> **Input data**
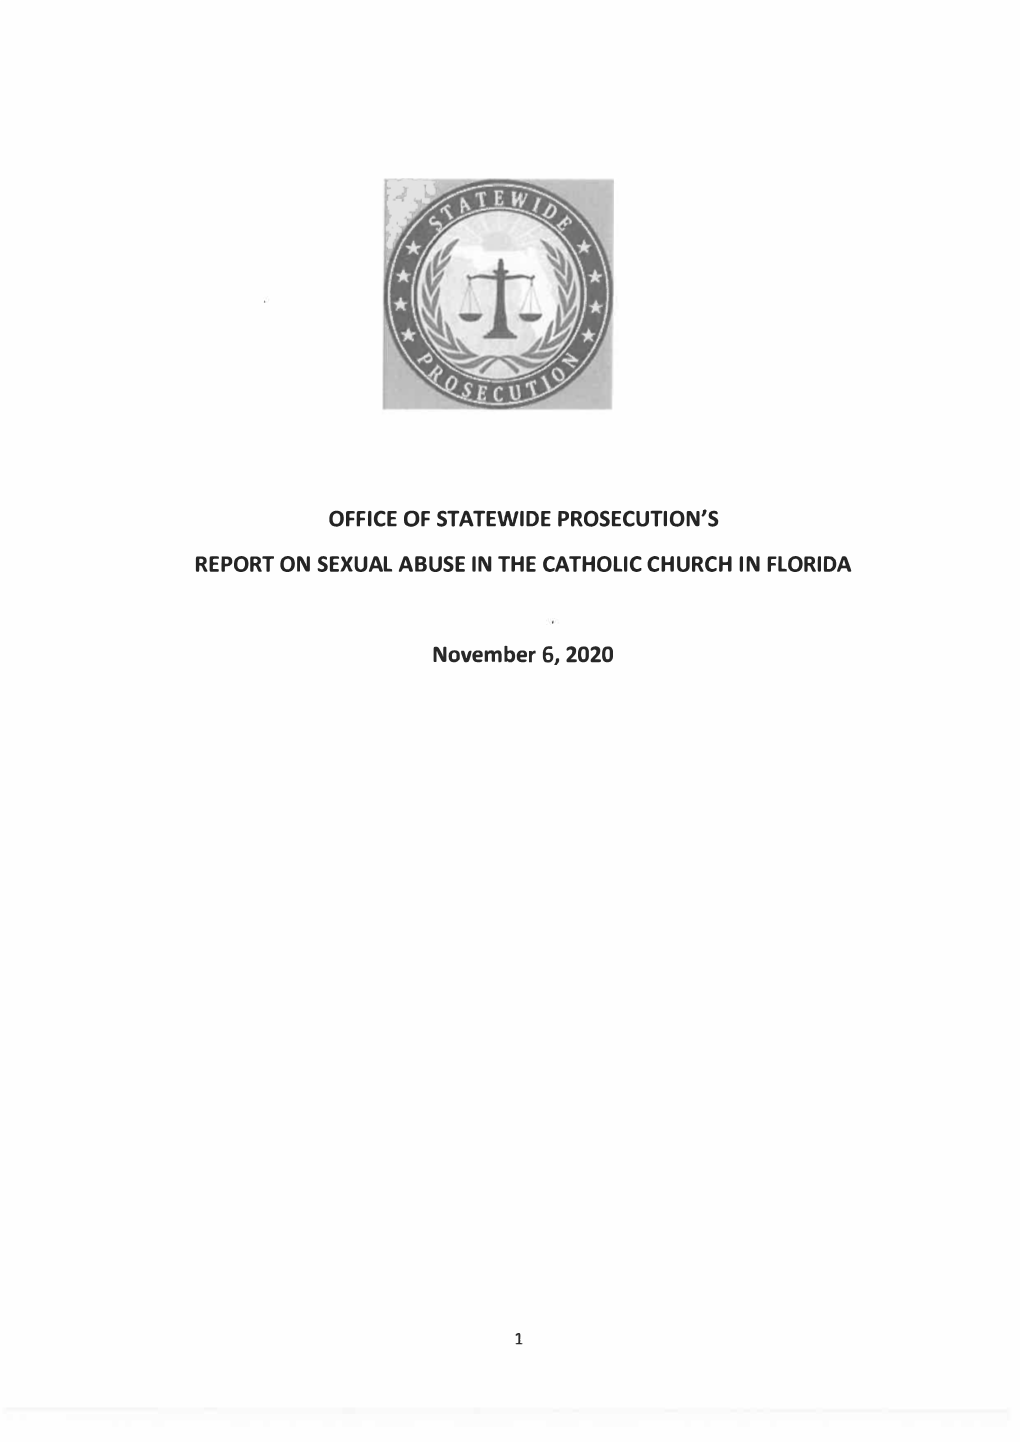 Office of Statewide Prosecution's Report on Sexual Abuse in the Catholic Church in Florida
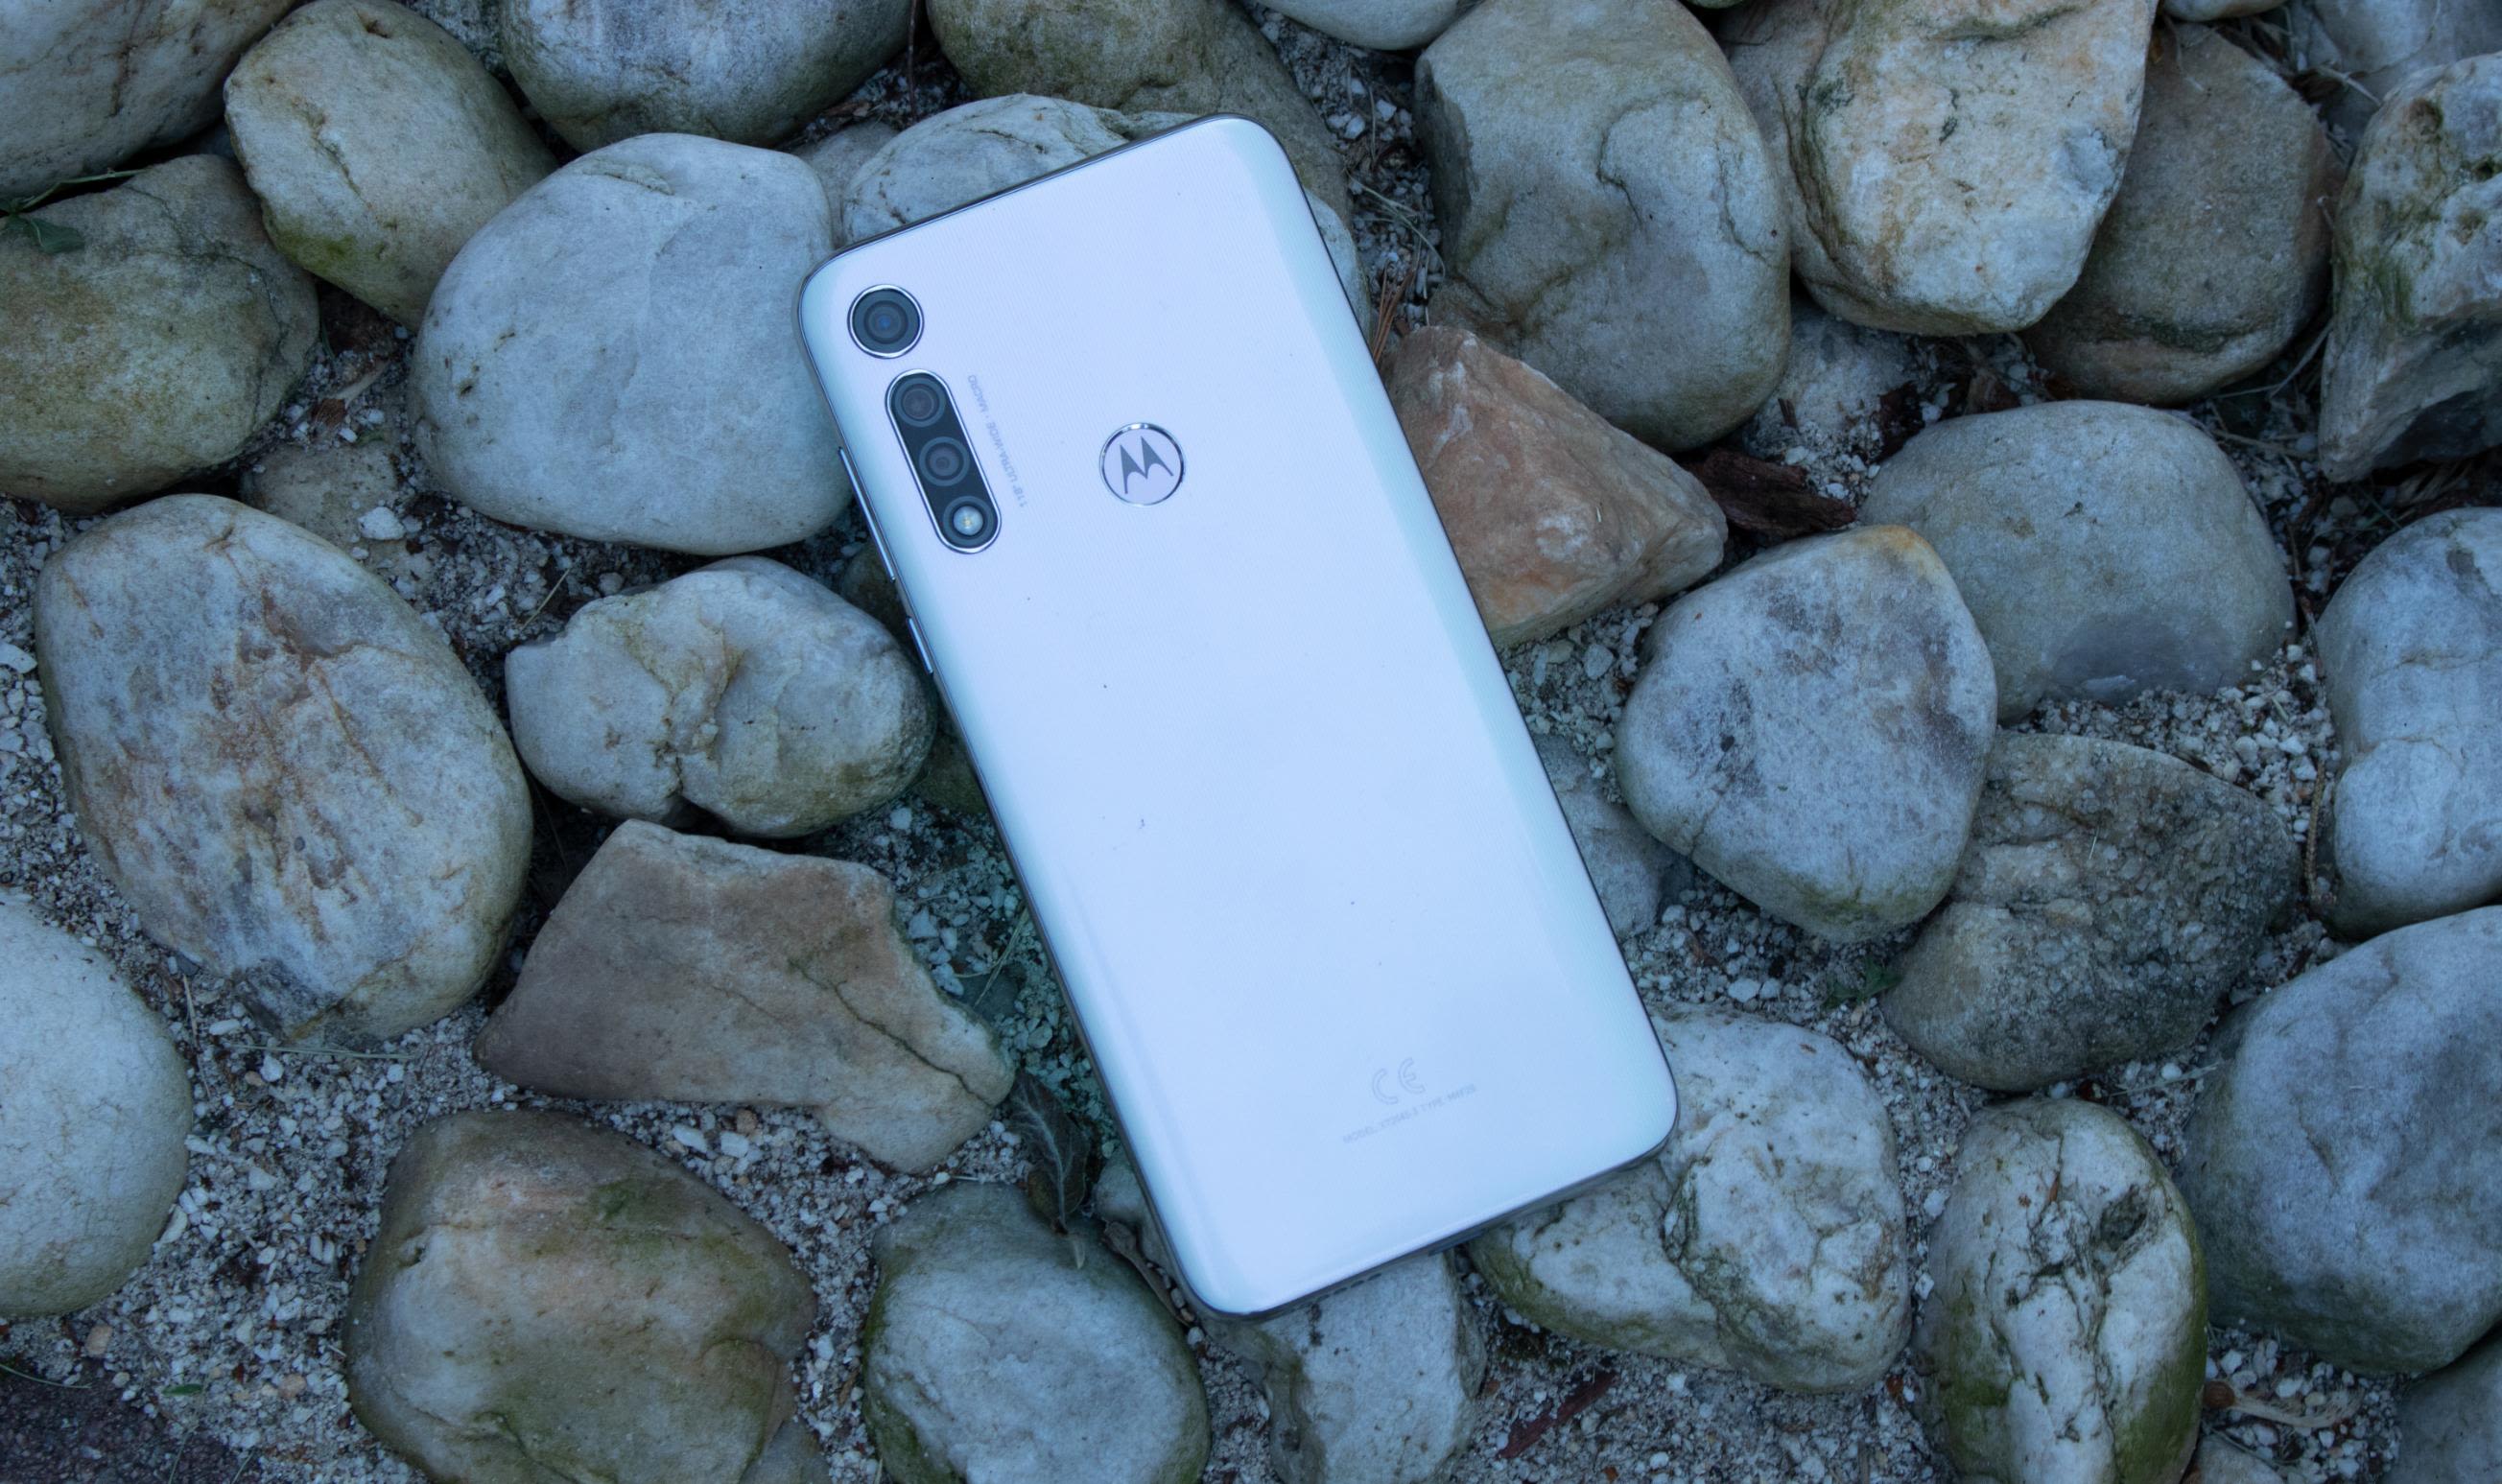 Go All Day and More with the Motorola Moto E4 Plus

--

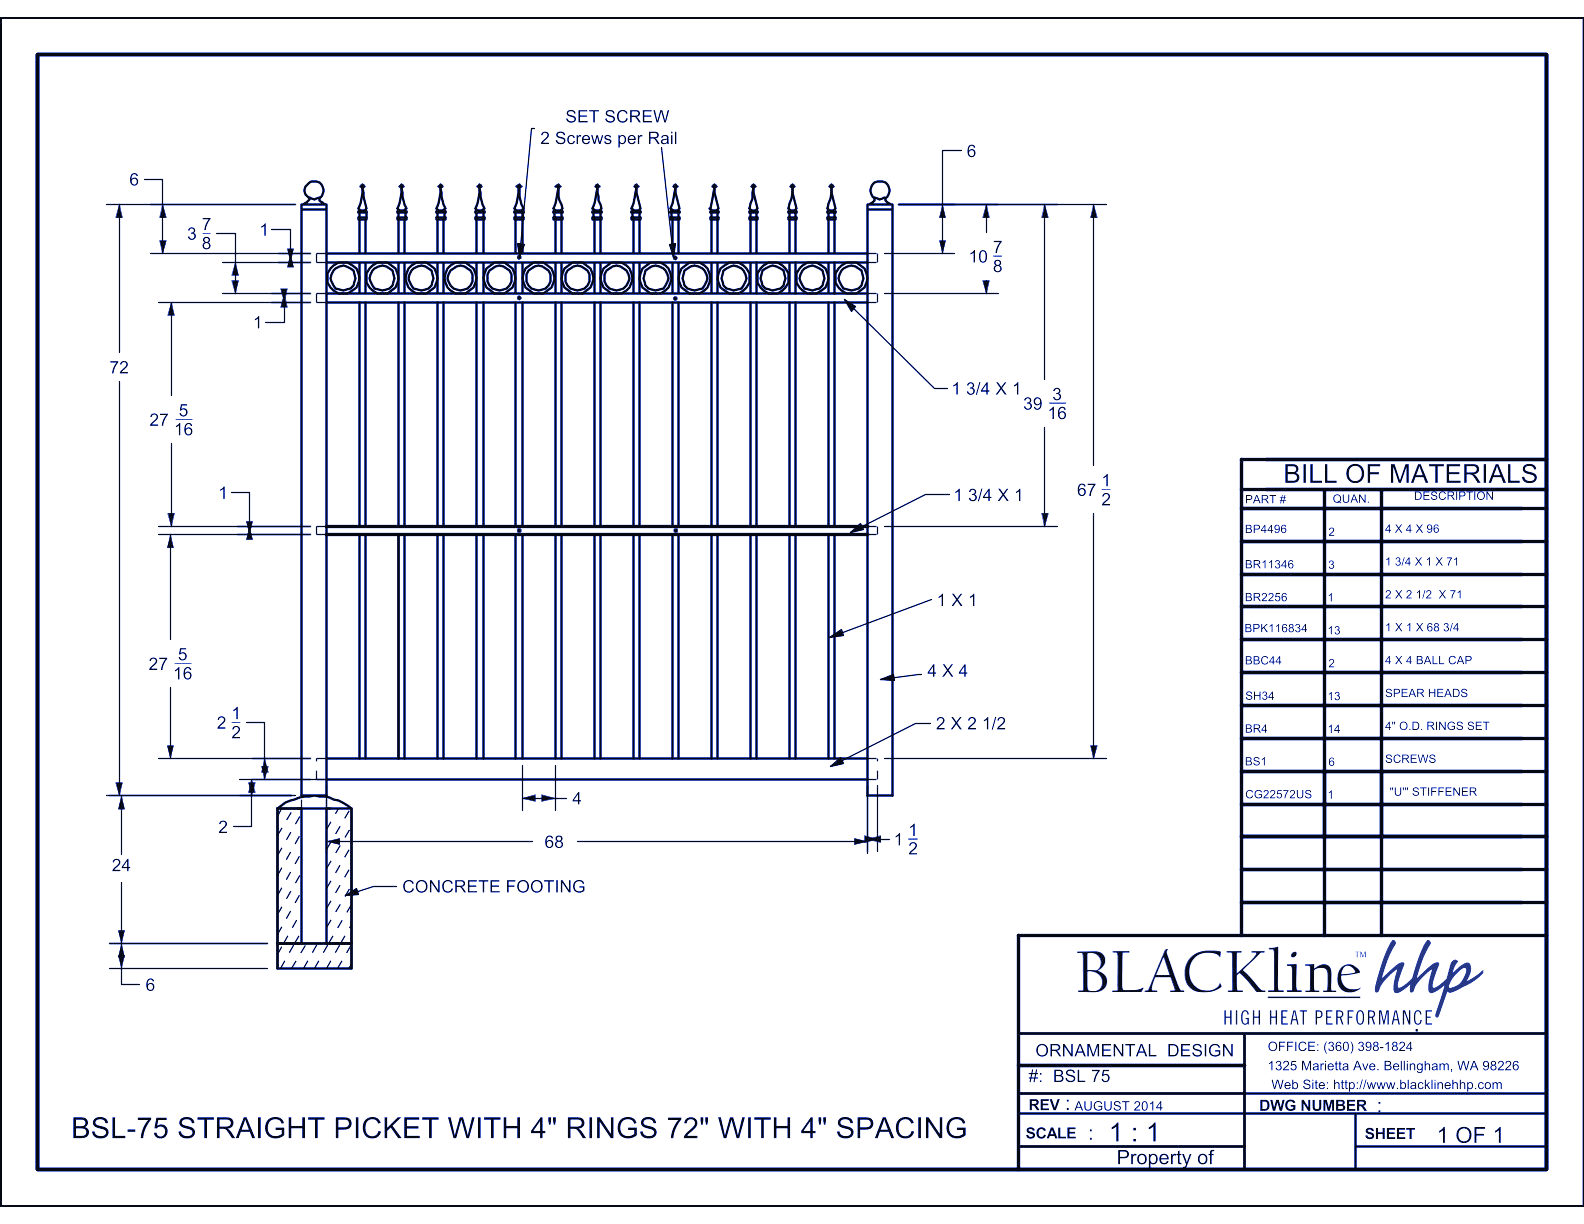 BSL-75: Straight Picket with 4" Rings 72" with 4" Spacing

--

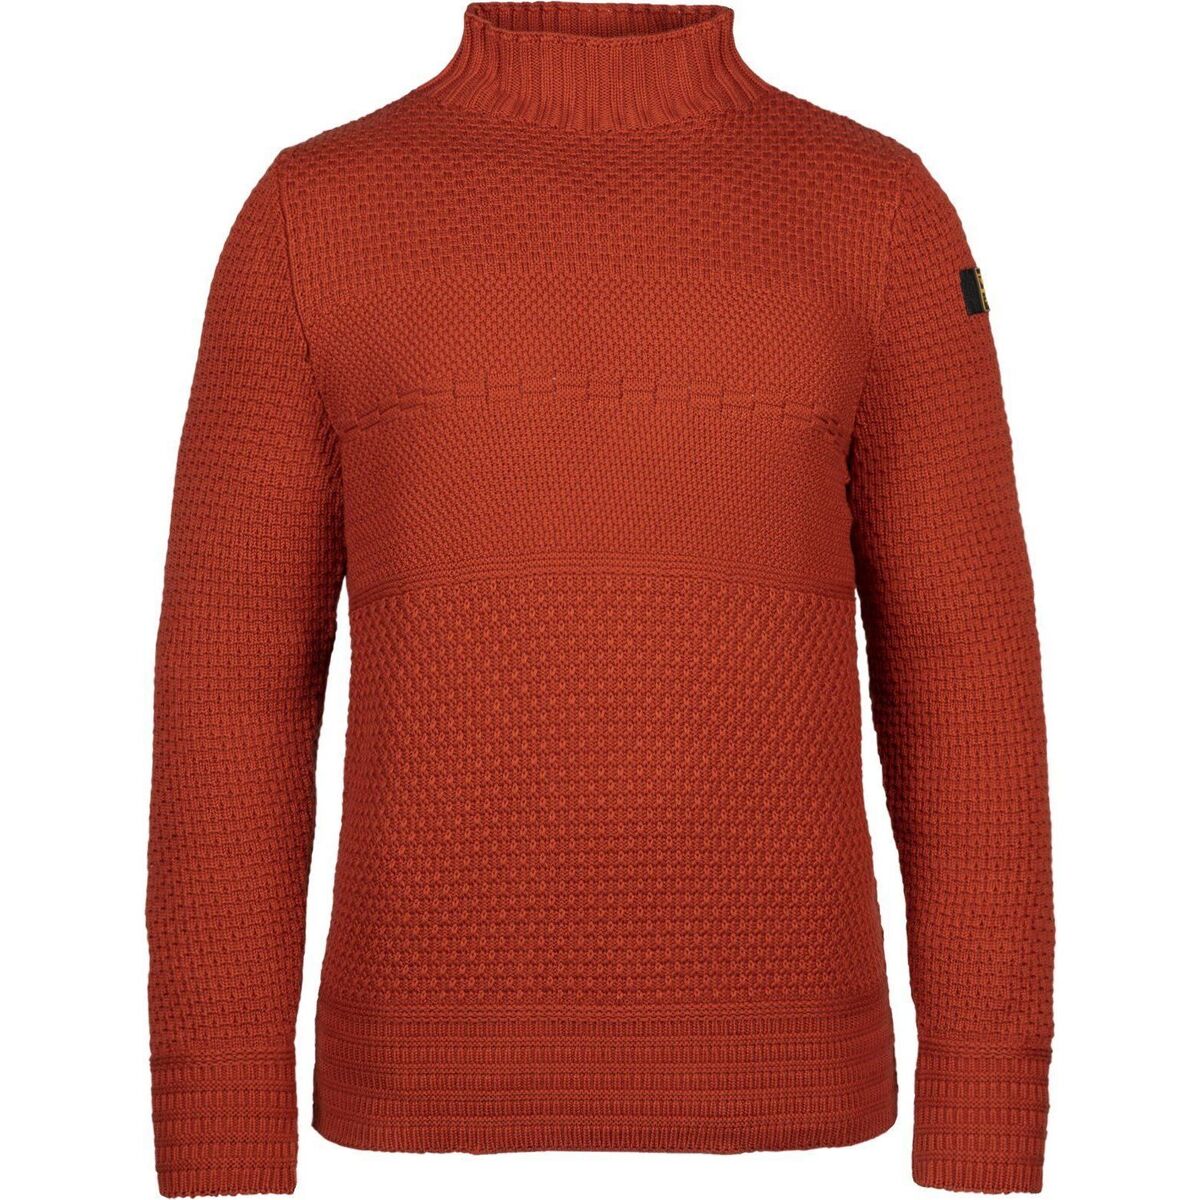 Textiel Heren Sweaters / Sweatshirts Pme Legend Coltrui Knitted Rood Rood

> **About this task**
Return word for word the lines of the listing above, starting at the line with "Office of Statewide" and ending at the line with "Go All Day and", both included. Pictures do not belong in the copy.

> **Final answer**
 Office of Statewide Prosecution's Report on Sexual Abuse in the Catholic Church in Florida
 Go All Day and More with the Motorola Moto E4 Plus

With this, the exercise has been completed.